The extractive and linear economy, based on profit maximisation and relentless cost reduction, and hinged on the concept of waste and disposal, has slowly but inexorably colonised our imagination and way of thinking, increasingly homogenising our mental processes to those of production. This phenomenon is particularly evident in relation to food, where common practices involve production scenarios that keep exploiting people and raw materials, where standardisation is the norm and based on the greedy rules of financial markets, generating negative impacts on our planet’s natural, social and cultural capital. We must emphasise that respecting the planet, first of all, means taking care of ourselves and giving future ecosystems the opportunity to benefit from what we feed back into them.

We must limit our desire for daily gratifications, in order to respect the planetary and social boundaries of a system whose dynamic balance we must not upset. 

This is why it is necessary to develop new partnerships, to share values and goals, to curb the irrational use of resources, to try and mend the social fabric that must be both the starting point and driving force of the change we hope to see. People make the economy, and a model that depletes natural resources goes hand in hand with labour exploitation, income inequality and the marginalisation of community and social interests. In essence, the social and environmental crises we are witnessing cannot be separated. There is no duality whereby: on the one hand we have a planetary resource problem and on the other a crises of global social fairness. These two issues are intrinsically connected and integrated, and as such they must be tackled. There is no environmentalism without fighting poverty and there is no social advancement without ecology. 
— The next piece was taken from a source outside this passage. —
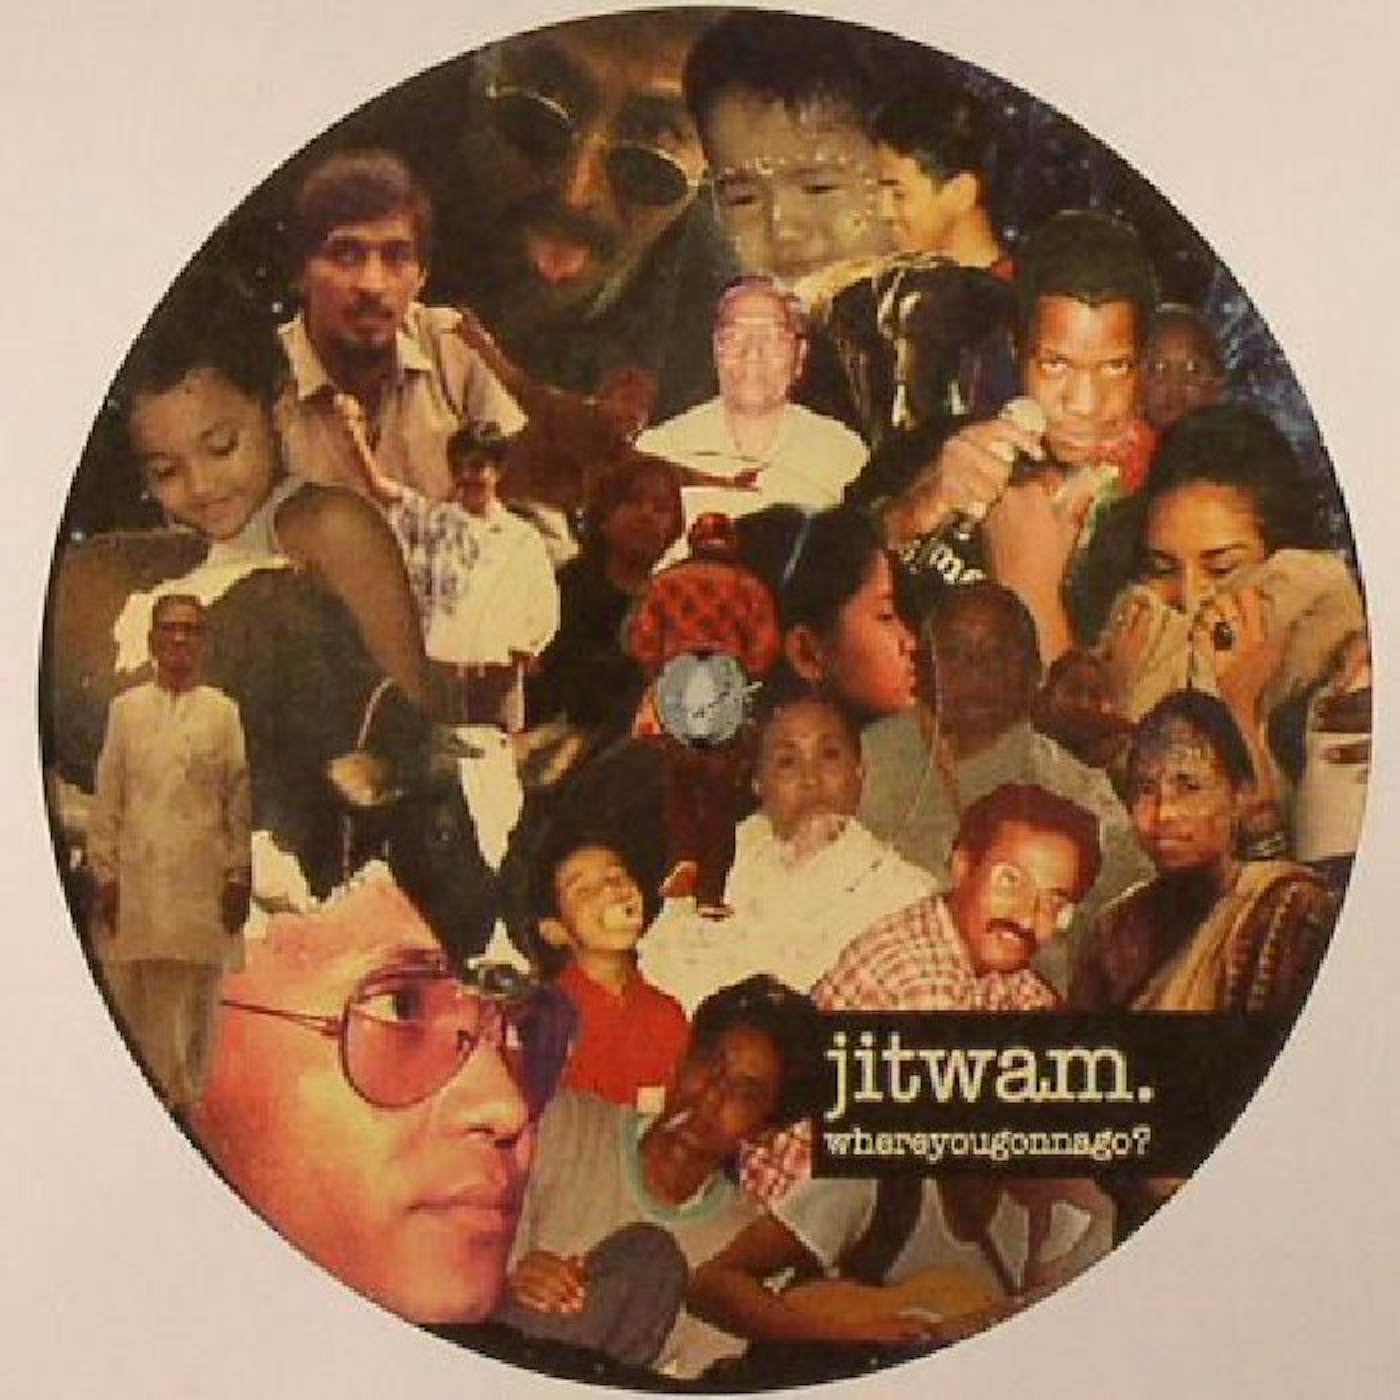 Jitwam WHEREYOUGONNAGO? Vinyl Record

We must develop this dialogue, rethinking and redesigning a regenerative and circular economy, and paying attention to the preservation of the extraordinary knowledge that the planetary library can offer us. Thinking at a system level is the necessary condition for understanding how different parts influence each other, how we can move from a model based around competition to one of collaboration amongst the players of the same system, and how the circular concept cannot be reduced to the simple definition of “waste economy.” Let’s not waste this golden opportunity for a shift in paradigm; we urgently and desperately need it.